Metrics provide users with valuable insights into their data, like number of active users and overall performance trends to inform business decisions. Dimensions, on the other hand, help categorize data through attributes, like user type or number of orders placed by a customer.

To make informed business decisions, some metrics need the value of another metric as part of the metric definition, leading us to "metrics as dimensions".

This document explains how you can use metrics as dimensions with metric filters, enabling you to create more complex metrics and gain more insights. Available in dbt Cloud for versions 1.8 or higher.

Reference a metric in a filter

Use the Metric() object syntax to reference a metric in the where filter for another metric. The function for referencing a metric accepts a metric name and exactly one entity:

{{ Metric('metric_name', group_by=['entity_name']) }}

Usage example

As an example, a Software as a service (SaaS) company wants to count activated accounts. In this case, the definition of an activated account is an account with more than five data model runs.

To express this metric in SQL, the company will:

  • Write a query to calculate the number of data model runs per account.
  • Then count the number of accounts who have more than five data model runs.
models/model_name.sql
with data_models_per_user as (
select
account_id as account,
count(model_runs) as data_model_runs
from
{{ ref('fct_model_runs') }}
group by
account_id
),

activated_accounts as (
select
count(distinct account_id) as activated_accounts
from
{{ ref('dim_accounts') }}
left join
data_models_per_user
on
{{ ref('dim_accounts') }}.account_id = data_models_per_user.account
where
data_models_per_user.data_model_runs > 5
)

select
*
from
activated_accounts

This SQL query calculates the number of activated_accounts by using the data_model_runs metric as a dimension for the user entity. It filters based on the metric value scoped to the account entity. You can express this logic at the query level or in the metric's YAML configuration.

YAML configuration

Using the same activated_accounts example mentioned in the usage example, the following YAML example explains how a company can create semantic models and metrics, and use the Metric() object to reference the data_model_runs metric in the activated_accounts metric filter:

  • Create two semantic models: model_runs and accounts.

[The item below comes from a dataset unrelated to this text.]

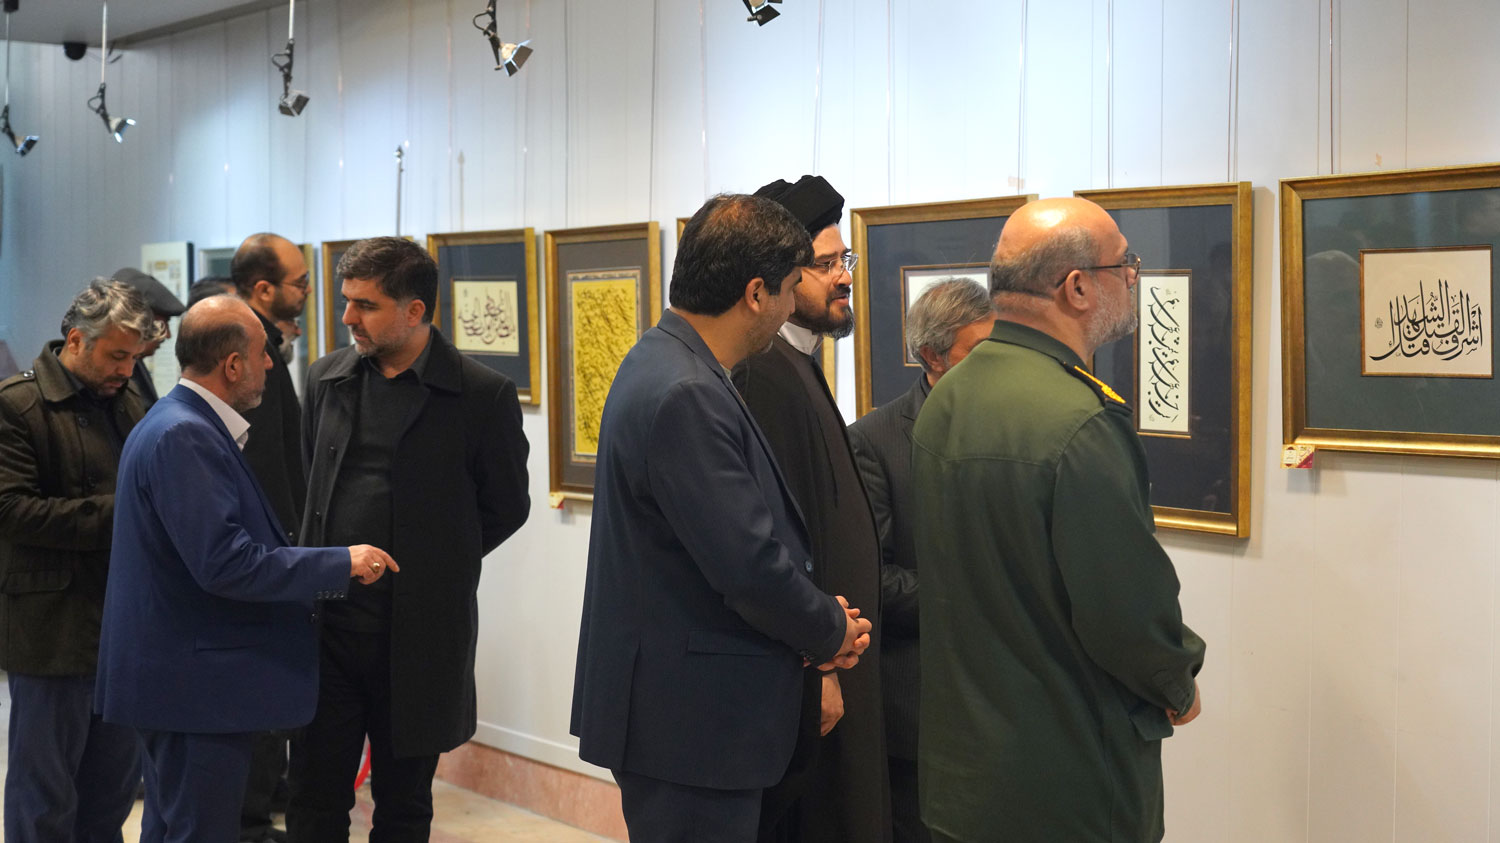 برپایی نمایشگاه خوشنویسی «خط سرخ» در نگارستان اشراق

  • Create a measure and metric to count data model runs, and another measure to count users.

  • Specify the foreign entity account in the model_runs semantic model.

  • Then create the Activated Accounts metric by filtering accounts that have more than five data model runs.

    models/metrics/semantic_model.yml
    semantic_models:
    - name: model_runs
    ... # Placeholder for other configurations
    entities:
    - name: model_run
    type: primary
    - name: account
    type: foreign
    measures:
    - name: data_model_runs
    agg: sum
    expr: 1
    create_metric: true # The 'create_metric: true' attribute automatically creates the 'data_model_runs' metric.

    - name: accounts
    ... # Placeholder for other configurations
    entities:
    - name: account
    type: primary
    measures:
    - name: accounts
    agg: sum
    expr: 1
    create_metric: true
    metrics:
    - name: activated_accounts
    label: Activated Accounts
    type: simple
    type_params:
    measure: accounts
    filter: |
    {{ Metric('data_model_runs', group_by=['account']) }} > 5

    Let’s break down the SQL the system generates based on the metric definition when you run dbt sl query --metrics activated_accounts from the command line interface:

  • The filter {{ Metric('data_model_runs', group_by=['account']) }} generates SQL similar to the data_models_per_user sub-query shown earlier:

    select
    sum(1) as data_model_runs,
    account
    from
    data_model_runs
    group by
    account
  • MetricFlow joins this query to the query generated by the accounts measure on the group by elements and applies the filter conditions:

    select
    sum(1) as activated_accounts
    from accounts
    left join (
    select
    sum(1) as data_model_runs,
    account
    from data_model_runs
    group by
    account
    ) as subq on accounts.account = subq.account
    where data_model_runs > 5

    The intermediate tables used to create this metric is: Accounts with the data_model_runs dimension

    accountdata_model runs
    14
    27
    39
    41

    MetricFlow then filters this table to accounts with more than 5 data model runs and counts the number of accounts that meet this criteria:

    activated_accounts
    2

Query filter

You can also use metrics in filters at the query level. Run this command in the command line interface (CLI) to generate the same SQL query referenced earlier:

dbt sl query --metrics accounts --where "{{ Metric('data_model_runs', group_by=['account']) }} > 5"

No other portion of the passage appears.